Archive for September, 2011

Wednesday Womb-Liners

Middle-aged woman: I've had three pregnancies so far this year!

–Union Square

Classy gal to friend: I said, "listen bitch, I would beat you up, but you're fucking pregnant!"

–Forest Hills

Overheard by: astoria mets fan

Ghetto girl to another: I don't know how it happened! He pulls out all the time!

–Uptown 1 Train

Overheard by: Chris Harmison

Overweight girl: I wish I was pregnant again. They treat you special when you're pregnant.

–W 39th St

Macy's Got TARP Money?

Shoe store clerk to old man: Can I get you anything?
Old man: A million bucks!

–Macy's Herald Square

Overheard by: Sarah Chalek

You're Not Fooling Anybody– They're Just Afraid Of You

Big biker dude: I figured out how to get through all the people at intersections.
Biker friend: How's that?
Big biker dude: I just bitch real loud about tourists, and everyone thinks I'm a cranky New Yorker and moves out of the way and lets me through.
Biker friend: Dude, you're fresh off the boat from Idaho.
Big biker dude: I know! They don't, and New Yorkers smile at me. People are idiots.

–Times Square

Overheard by: Gazoo

Apparently She Found Someone Else to Toast Her Bagel.
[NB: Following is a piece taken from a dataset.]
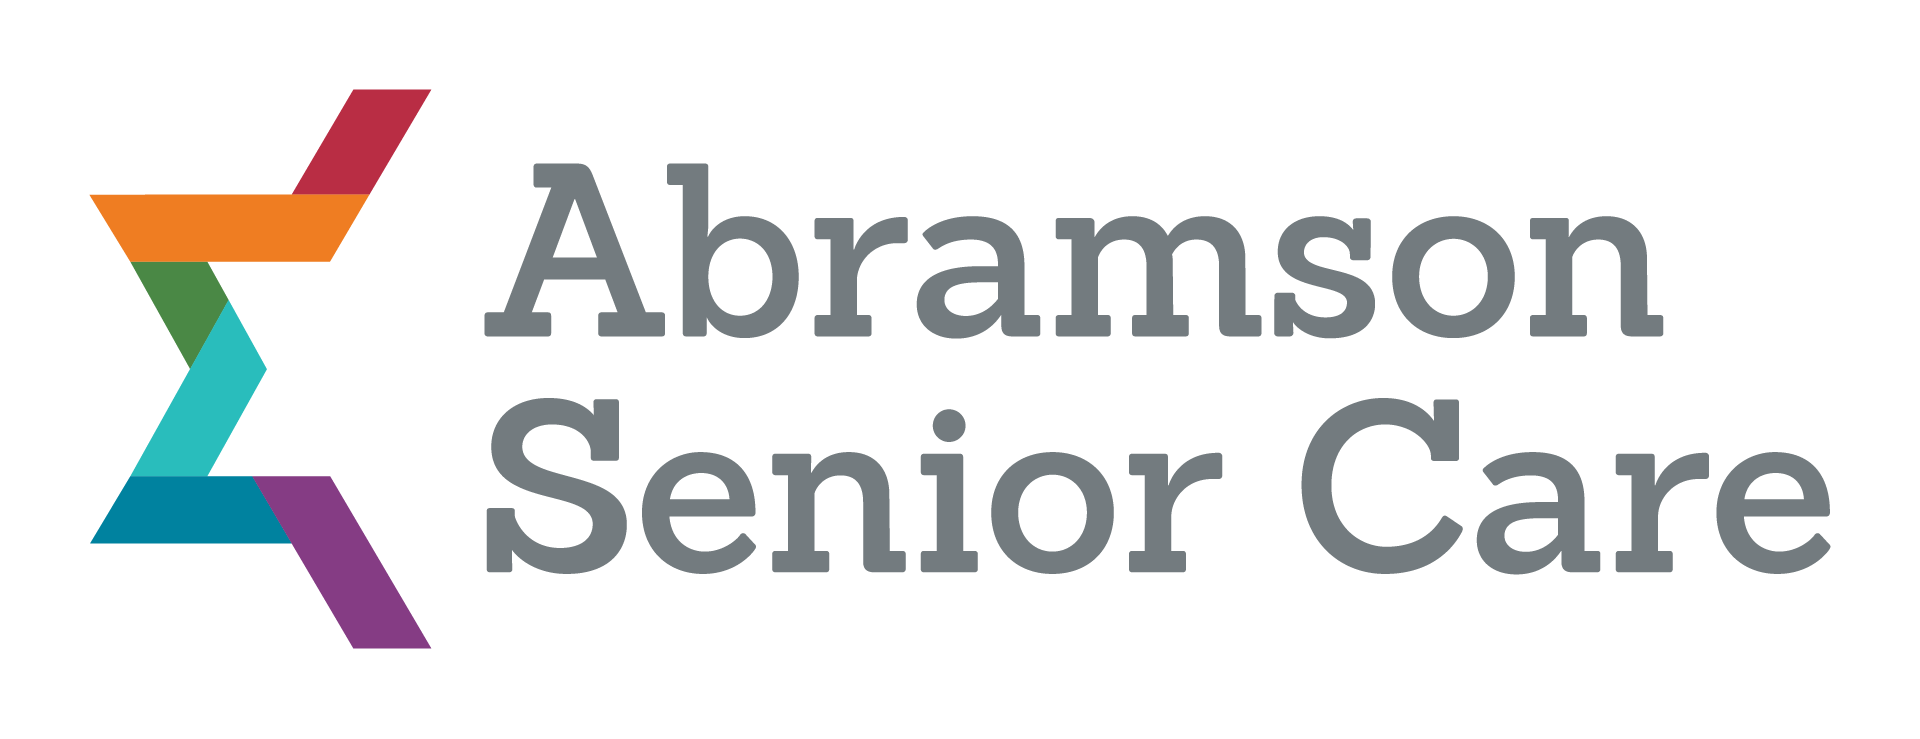 Abramson Senior Care receives grant from Jewish Federation of Greater Philadelphia’s Maimonides Fund for Health and Human Service Relief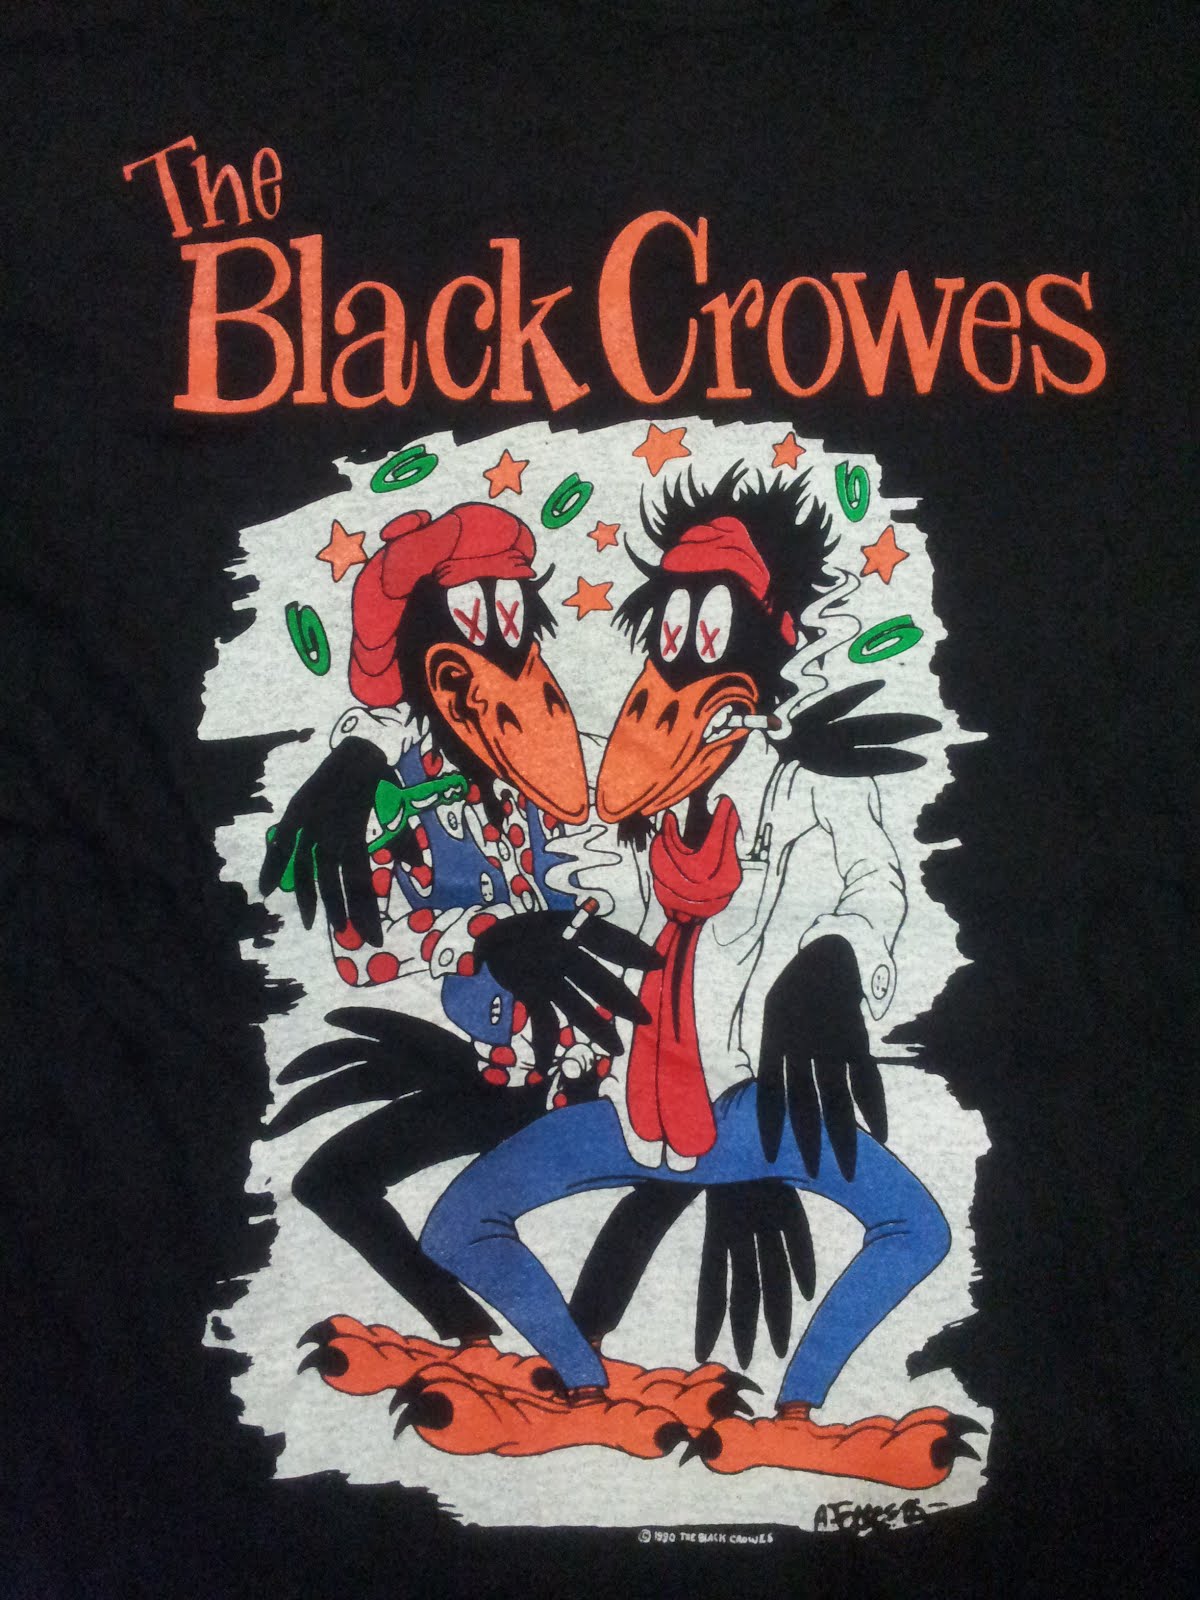 With The Black Crowes

Dunkin' donuts worker #1: I heard that Katie, who comes here every morning, is moving to Jersey.
Dunkin' donuts worker #2: What Katie?
Dunkin' donuts worker #1: The good-looking blonde, blue eyes, wears jeans most of the time, has twin boys.
Dunkin' donuts worker #2: I have no clue who you mean.
Dunkin' donuts worker #3: Whole-wheat bagel, toasted, with cream cheese. Medium coffee, extra cream, no sugar.
Dunkin' donuts worker #2: Oh! That's Katie! Wait, she is moving to Jersey?

–Dunkin' Donuts

Overheard by: JDK

During or After?

Guy #1: I just ran a 5k…
Guy #2, to girl: How many guys have you blown that have ran a marathon?